[Math] recurrence relation, linear, second order, homogeneous, constant coefficients, generating functions

Question

How to solve this by using the generating functions? What is the possible solution for this?

recurrence relation $$ a_n = 5a_{n-1} – 6a_{n-2}, n \ge 2,\text{ given }a_0 = 1, a_1 = 4.$$

Thanks.

Answer 1

So that you can begin to see connections, we look at the same problem using generating functions. The details look somewhat harder than the characteristic equation method. In fact the procedure is quite mechanical, and is abstractly the same as the characteristic equation method.
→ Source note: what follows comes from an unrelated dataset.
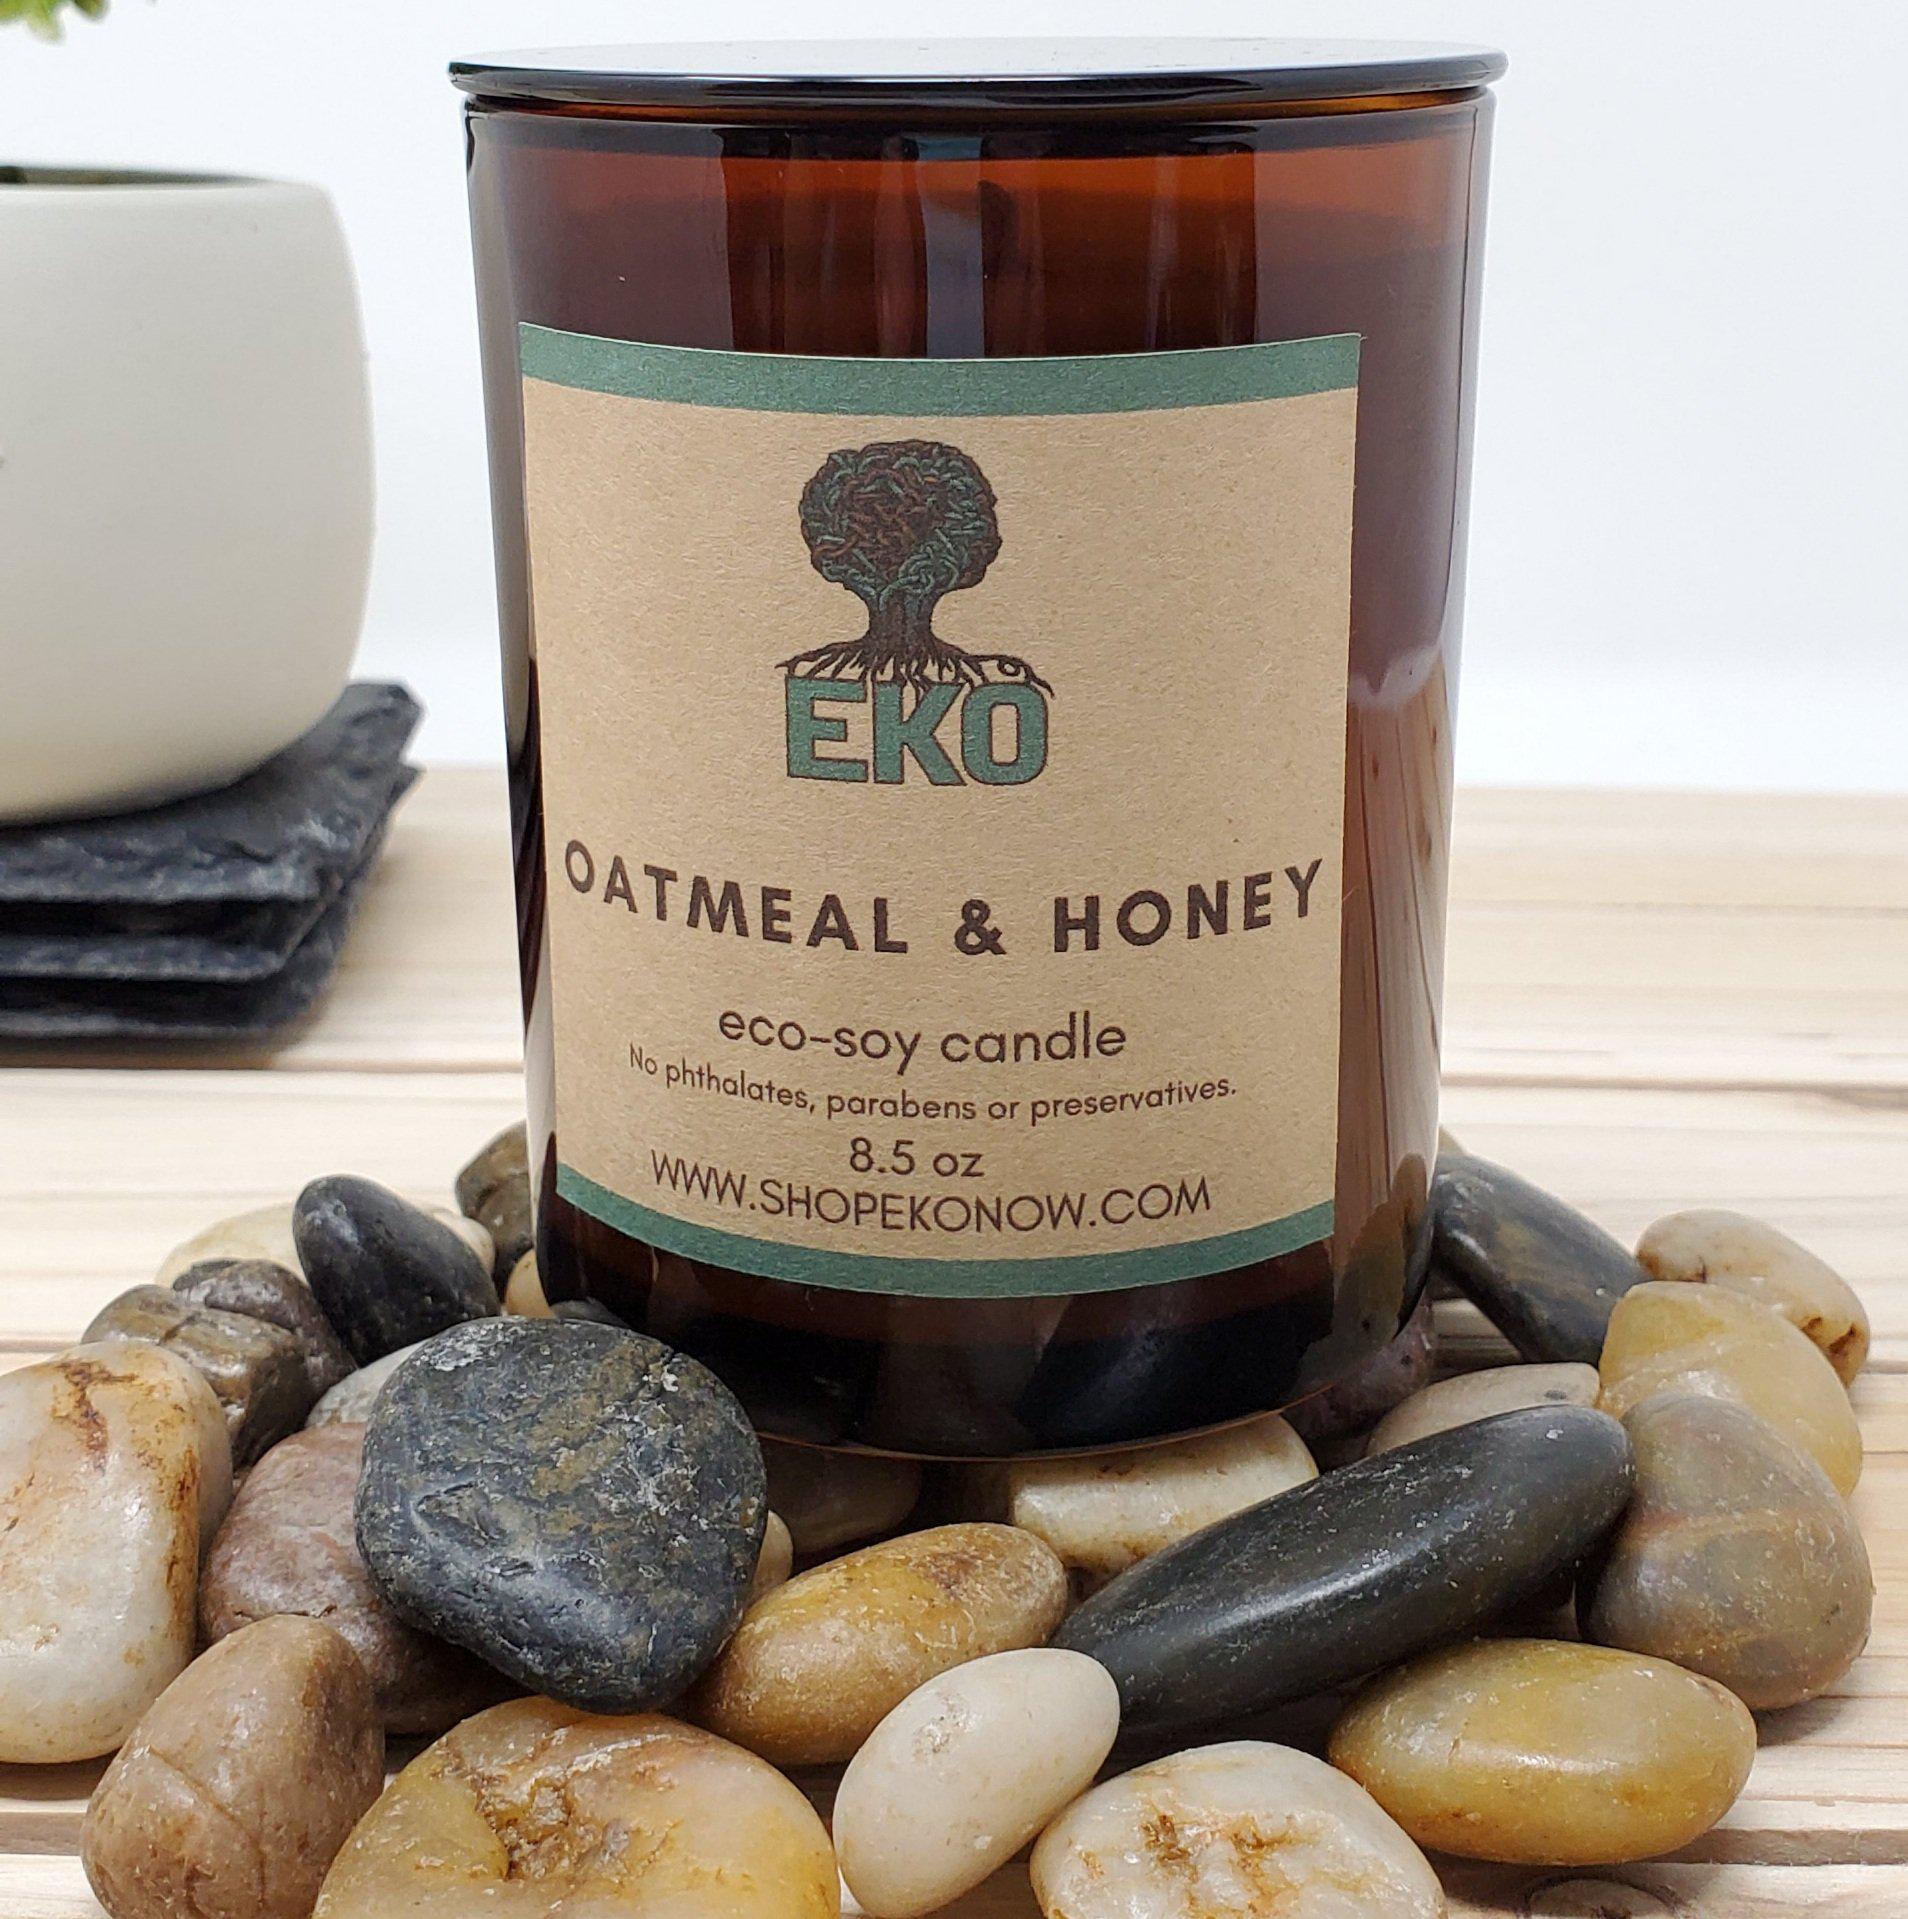 Oatmeal & Honey Eco-Soy Candle

Let $$f(t)=a_0+a_1t+a_2t^2+a_3t^3+ \cdots + a_nt^n+ \cdots. \qquad\qquad(\ast)$$ Note that we are looking at $(\ast)$ as a formal power series, as simply a carrier for the coefficients. (In fact it does converge if $|t|<1/3$.) We have $$5tf(t)=5a_0t+5a_1t^2+5a_2t^3+\cdots +5a_{n-1}t^n+\cdots,$$ $$6t^2f(t)=6a_0t^2+6a_1t^3+6a_2t^4+\cdots+6a_{n-2}t^n+\cdots.$$ Let $g(t)=f(t)-5tf(t)+6t^2f(t)$. Note that for $n \ge 2$, the coefficient of $t^n$ is equal to $a_n-5a_{n-1}+6a_{n-2}$, which is $0$. So $g(t)=a_0+a_1t-5a_0t$. Since $a_0=1$ and $a_1=4$, we have $g(t)=1-t$, and therefore $$f(t)=\frac{1-t}{1-5t+6t^2}.$$ Using the partial fractions procedure, which is not simply an integration trick, we find that $$f(t)=\frac{-1}{1-2t} +\frac{2}{1-3t}.$$ But the power series expansions of $\frac{1}{1-2t}$ and $\frac{1}{1-3t}$ are easy to write down, since $\frac{1}{1-x}=1+x+x^2+\cdots$. We conclude that the coefficient of $t^n$ in the expansion of $f(t)$ is given by $$a_n=-(2^n)+2(3^n).$$